12/12/2025
Coup de gu**le : Trop, c’est trop. On ne peut plus se taire.
Il y a des histoires qui devraient secouer tout un pays.
Des histoires qui montrent, de manière brutale, à quel point un être humain peut être broyé par les
violences, les manipulations, et les dérives d’un système qui oublie parfois l’essentiel : la dignité
humaine.
Ce coup de gu**le n’est pas un simple cri : c’est un refus.
Un refus d’accepter que des vies soient brisées dans l’indifférence.
Un refus de détourner le regard face aux dérives, aux pressions, aux décisions arbitraires, aux
humiliations, aux violences psychologiques et physiques qui finissent par détruire des êtres
humains.
Comment peut-on encore tolérer que certains utilisent leur influence, leur statut, ou leurs relations
pour manipuler des procédures, étouffer des faits, ou faire taire des voix ?
Comment peut-on accepter qu’une personne se retrouve enfermée, séparée, humiliée, parfois même
terrorisée, sans qu’on lui garantisse la justice la plus élémentaire ?
Ce qui me bouleverse le plus, c’est ce sentiment d’impunité.
Comme si la souffrance d’une personne pouvait être ignorée.
Comme si la dignité humaine pouvait passer au second plan.
Comme si la vérité, elle-même, pouvait être piétinée.
Je suis révoltée.
Révoltée par la violence.
Révoltée par les intimidations.
Révoltée par les vies sacrifiées sur l’autel des intérêts personnels, des rancœurs, des rivalités ou des
manipulations.
Nous devons le dire haut et fort : la justice n’est pas un outil. La liberté n’est pas une variable. La
dignité n’est pas négociable.
Aucune autorité, aucune institution, aucune personne ne devrait pouvoir jouer avec la vie d’un être
humain.
Aucune procédure ne devrait se transformer en arme.
Aucune accusation ne devrait devenir un prétexte pour détruire.
Ce qui me bouleverse profondément dans l’histoire de M. Akbar YOUSSOUF, ce ne sont pas
seulement les faits rapportés.

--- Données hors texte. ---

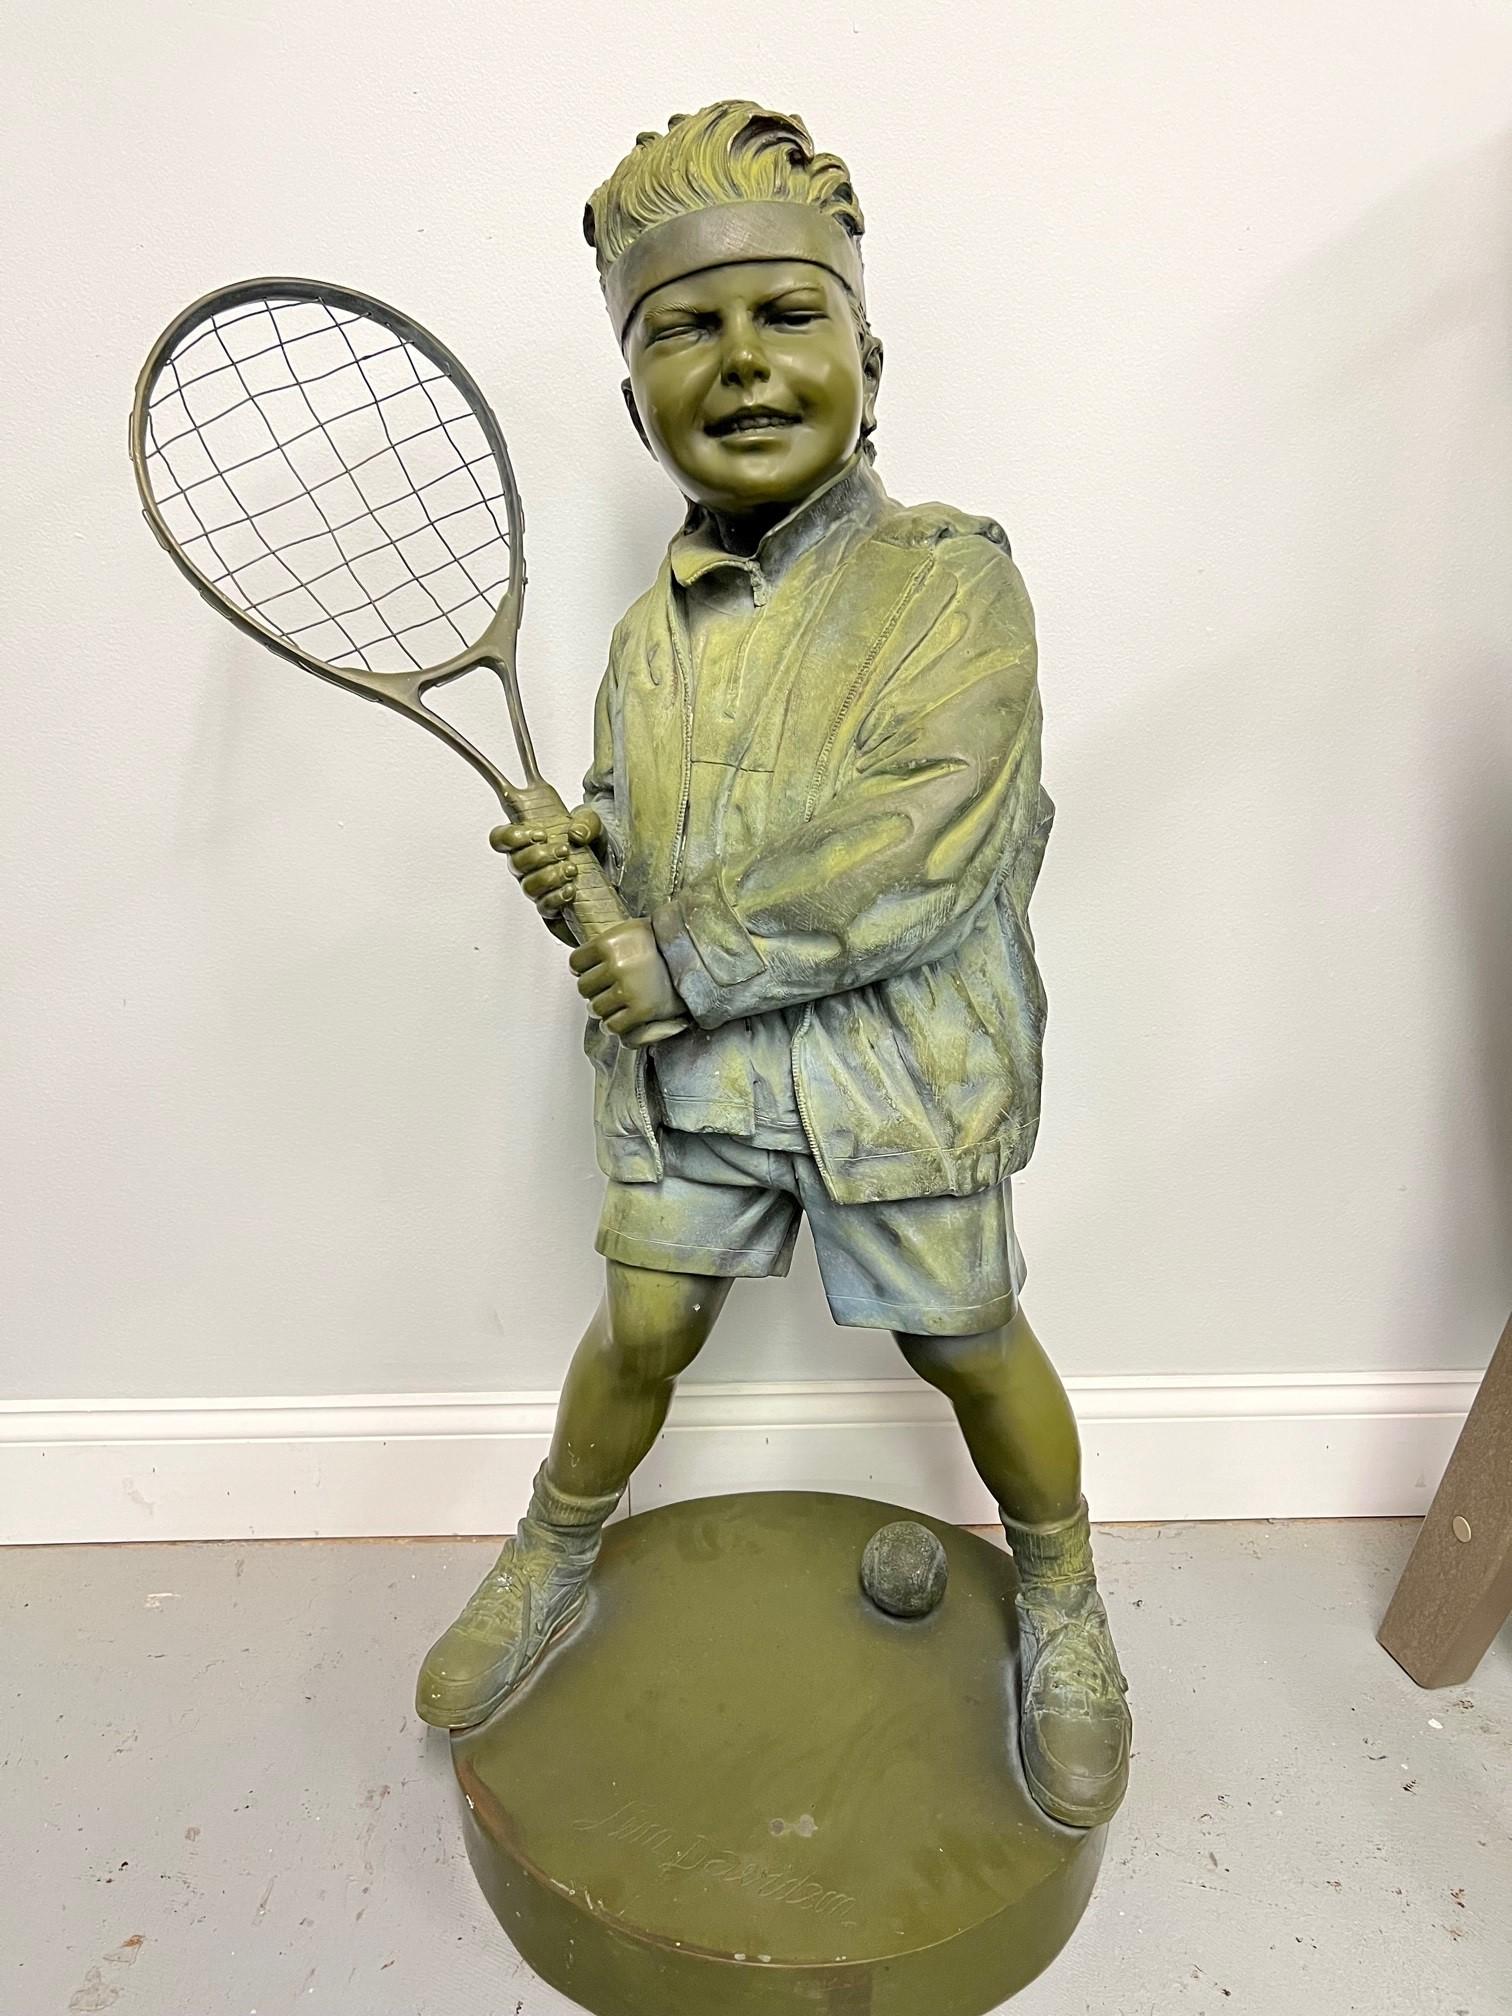 Bronzestatue aus dem späten 20. Jahrhundert, die einen Tennis oder Pickleball spielenden Jungen darstellt. Die Bronzestatue ist in sehr gutem Zustand, hat aber draußen gestanden und ist verwittert, sieht aber immer noch gut aus. Ein lustiges Stück,

C’est le sentiment d’abandon.
Le sentiment qu’un citoyen a été laissé seul face à des pressions, des influences, des décisions
irrégulières qui n’auraient jamais dû passer inaperçues.
Comment peut-on accepter ça ?
Comment peut-on tolérer que de telles situations existent ?
Comment peut-on dormir tranquille quand un simple citoyen raconte avoir été trimballé, manipulé,
déshumanisé au point de devenir pratiquement invisible ?
Ce n’est pas seulement l’histoire d’un homme.
C’est un miroir.
Un miroir qui nous renvoie l’image d’un système qui peut, parfois, déraper.
Un système où certains peuvent appuyer un peu trop fort, influencer un peu trop loin, décider un
peu trop vite.
Et quand un homme finit enfermé pendant des mois, séparé de ceux qu’il aime, privé de ses droits
fondamentaux, alors que lui affirme que son dossier est plein d’irrégularités…
Quand une vie bascule à cause de conflits personnels, de pressions, de jalousies ou de rancœurs…
Quand la violence mène à une issue tragique…
Et le pire, c’est que ce n’est pas un cas isolé.
Beaucoup de citoyens ont le sentiment que ce régime traite parfois son propre peuple comme des
moins que rien.
Je peux en témoigner : mon propre père a vécu une situation similaire, et d’autres en subissent
encore aujourd’hui, dans le silence et l’indifférence.
C’est une souffrance qui se répète, une mécanique qui se reproduit, et qui détruit des familles
entières.
Nous n’avons plus le droit de nous taire.
Ce coup de gu**le, c’est pour dire STOP.
Stop aux injustices.
Stop aux abus.
Stop à la souffrance qu’on inflige en silence.
Stop à la peur, aux intimidations, aux procédures qui deviennent des armes.
Il est temps de remettre la dignité humaine au centre.
Il est temps de protéger les faibles, de soutenir les victimes, de défendre ceux qui n’ont plus la force
de parler.
Il est temps d’exiger la justice vraie, la justice droite, la justice qui ne choisit pas ses camps.
Parce qu’un pays qui laisse ses citoyens tomber dans l’ombre est un pays qui s’oublie lui-même.
Parce qu’une tragédie comme celle-là ne doit plus jamais se reproduire.